Ten years ago, Professor Jim Olver sat in a room full of other business educators at a conference hosted by the Graduate Management Admissions Council. The keynote speaker was Sun Microsystems Co-founder and CEO Scott McNealy.

“He spent about the first 15 minutes of his presentation making fun of us,” Olver recalls. “He said he went to Stanford for his MBA but didn’t go to class after the first year because he was too busy meeting smart people and trying to start a business. He said it was more helpful than the classroom.”

A seed was planted for Olver, a professor at the William & Mary Raymond A. Mason School of Business. Now, 10 years later, Olver and the Mason School have an answer to those comments. And it’s in the form of a new online MBA program with a curriculum shift. The program is based around a Jeffersonian theme of “renaissance thinker, revolutionary leader.”

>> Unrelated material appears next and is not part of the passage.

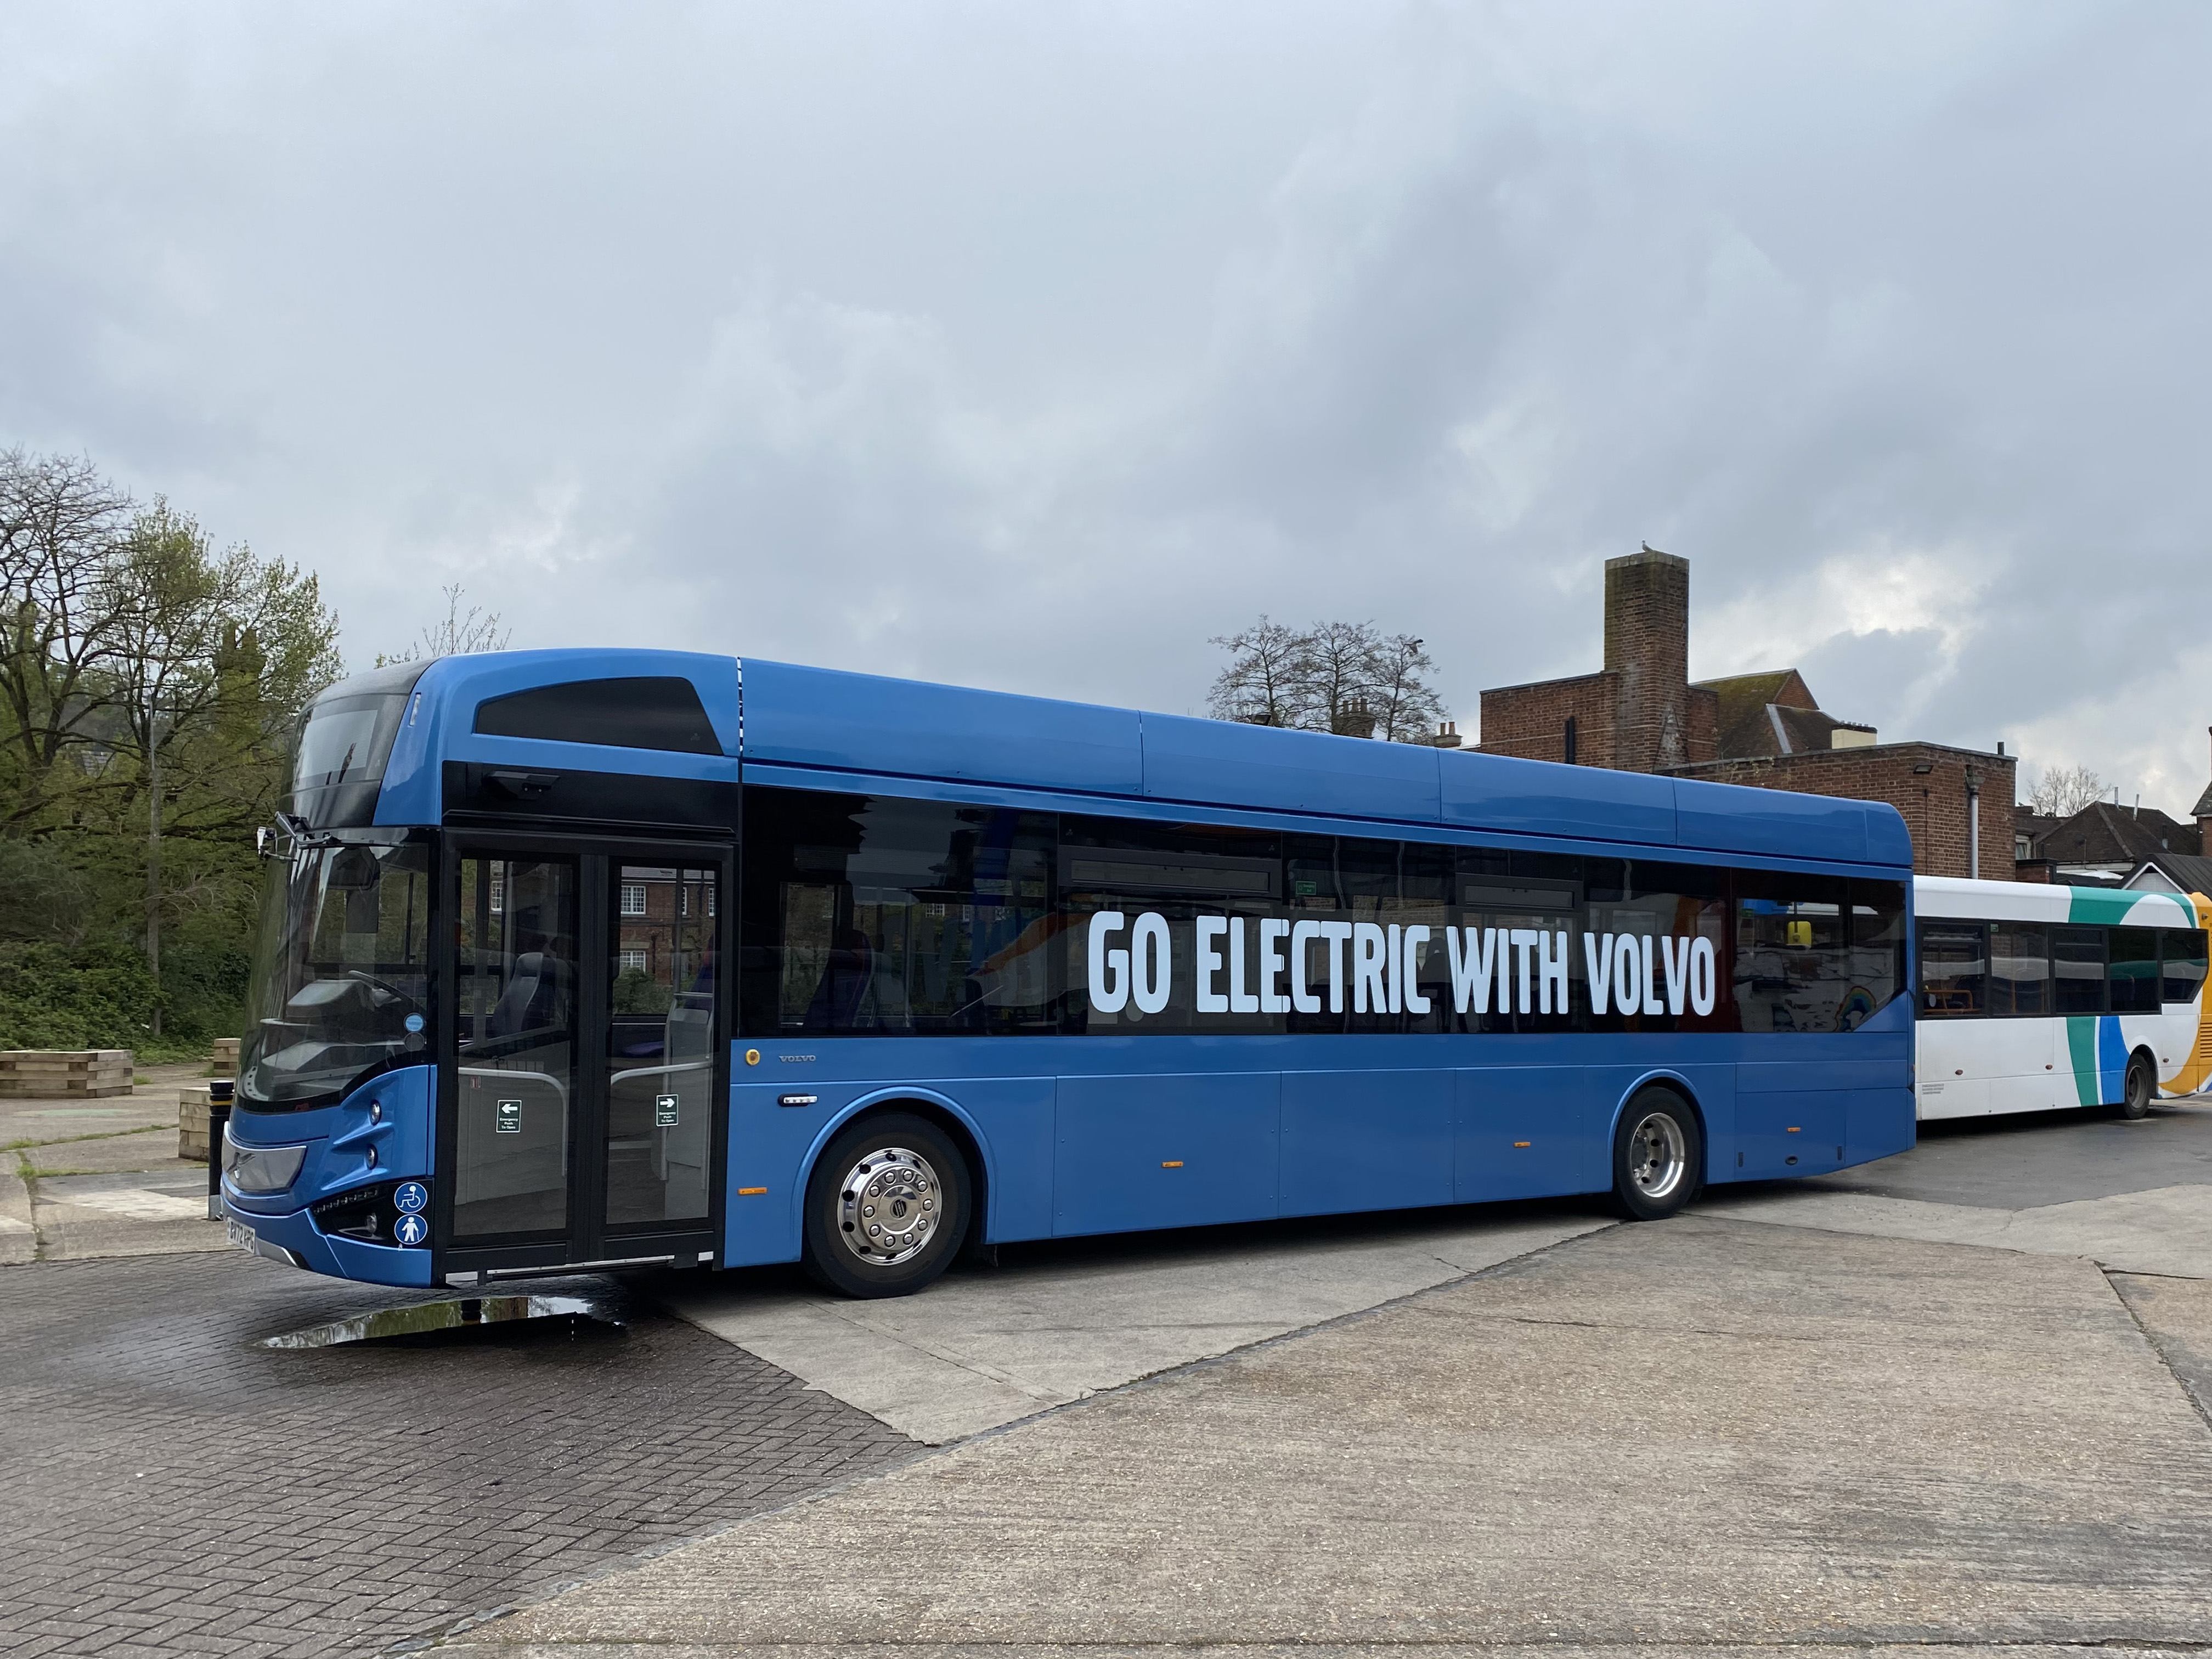 MP considers funding after electric Volvo trial

William & Mary is the third business school in the past month to announce a new online MBA program. Not much more than a week ago, the business schools at the University of Southern California and American University in Washington, D.C., unveiled plans for online degree programs that will begin this fall (see USC Marshall Is Latest To Offer Online MBA — The Pricetag: $93,502).

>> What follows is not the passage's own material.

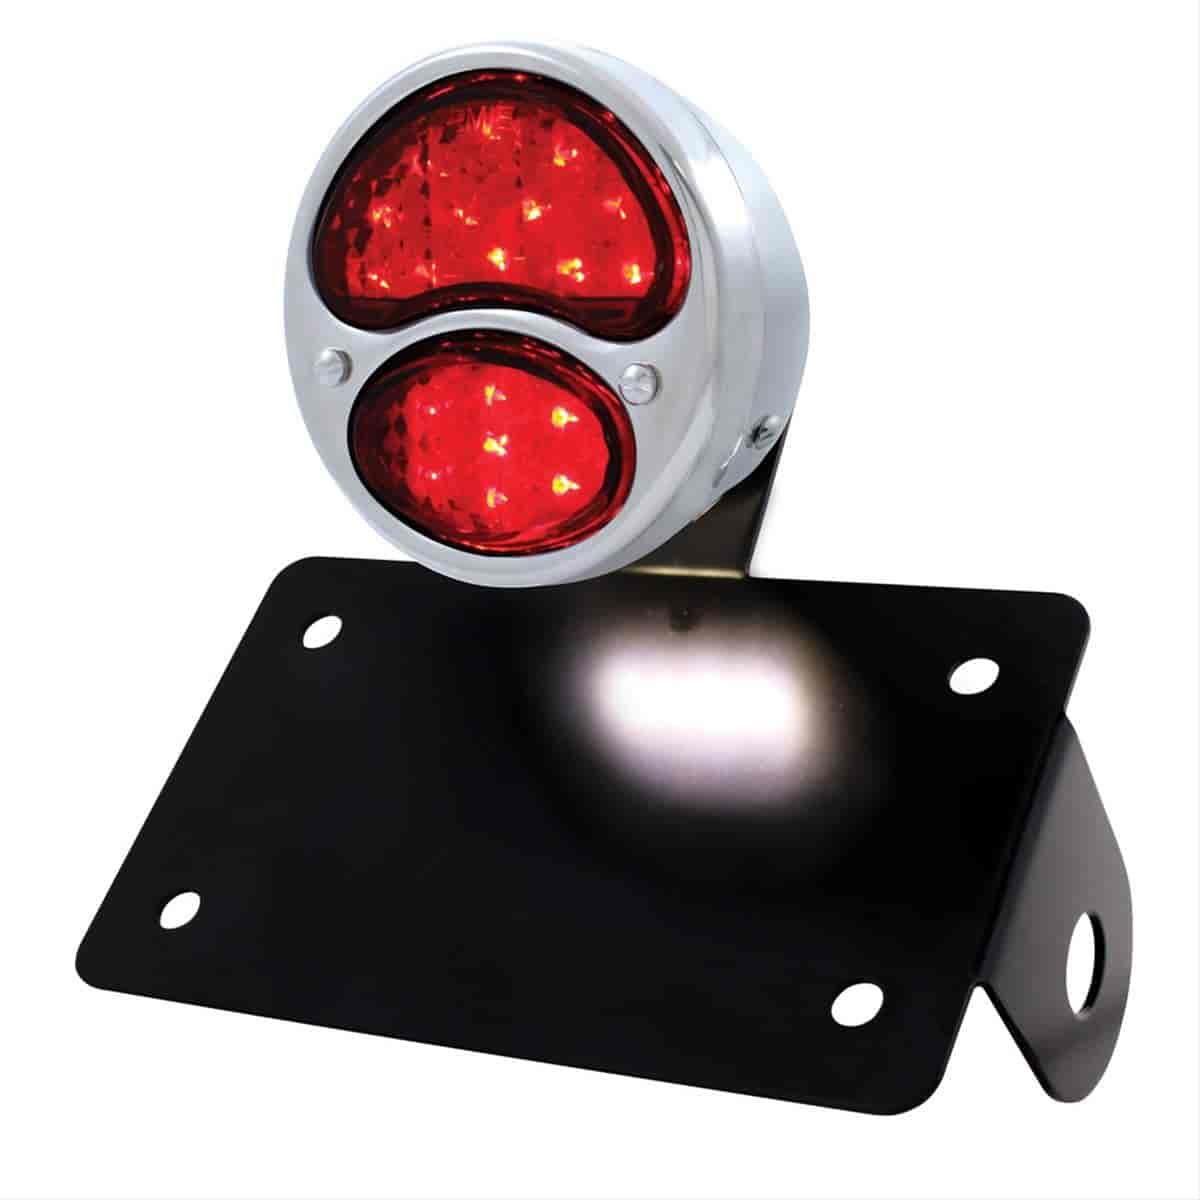 DUO LAMP LED TAILL LIGHT

CURRICULUM FROM ‘A BLANK CANVAS’

“We got together as a faculty and looked for the disconnect between the traditional MBA and what’s required of leaders in the 21st Century,” Olver explains. “The traditional MBA skills like finance, marketing, operations and others are still important, but they are table stakes. If you look at research from IBM Global or what Deloitte and McKinsey are doing, you see what’s also needed is training in seeing around corners, taking intelligent risks and embracing complexity and ambiguity.”

Dean Larry Pulley says Olver and the 12-member faculty team has been thrilled to put the new curriculum and program together. “We presented them with a blank canvas,” Pulley says. “It’s hard to make fundamental changes in a program. But they had brainstorming meetings about the kinds of integration and collaboration thinking about what the program should be and they got excited about it. They were truly excited about this from the get-go.”

The result is a 49-credit hour curriculum that will take students two years to complete. The first course all students take is called Renaissance Manager. Students are expected to enter the program with a complex business problem they are currently experiencing.

“We will be looking at some wicked complex problems,” Olver says. “They will continue to work through the individualized and personal problems throughout the program and will do personal reflections on them.”

A DEGREE BASED ON JEFFERSONIAN RENAISSANCE 

After the first course, students will take the standard MBA coursework like financial and managerial accounting, business operations, marketing, strategy and others. At the same time, they will be applying concepts in those classes to solving the problem they brought into the program.

“We continue that common thread throughout the coursework and then finish with a capstone course,” says Olver.

The capstone course is called Revolutionary Leader. According to Olver, it will do more than help students solve complex problems—it will help them “tackle” the problems.

“Most managers are, frankly, ill-equipped to handle the challenges and opportunities of the ambiguity and complexity in the 21st Century,” Olver says. “There is a lot of dramatic change happening now and if you can come to those complexities with a willingness and know-how to take intelligent risks, you will be better off.”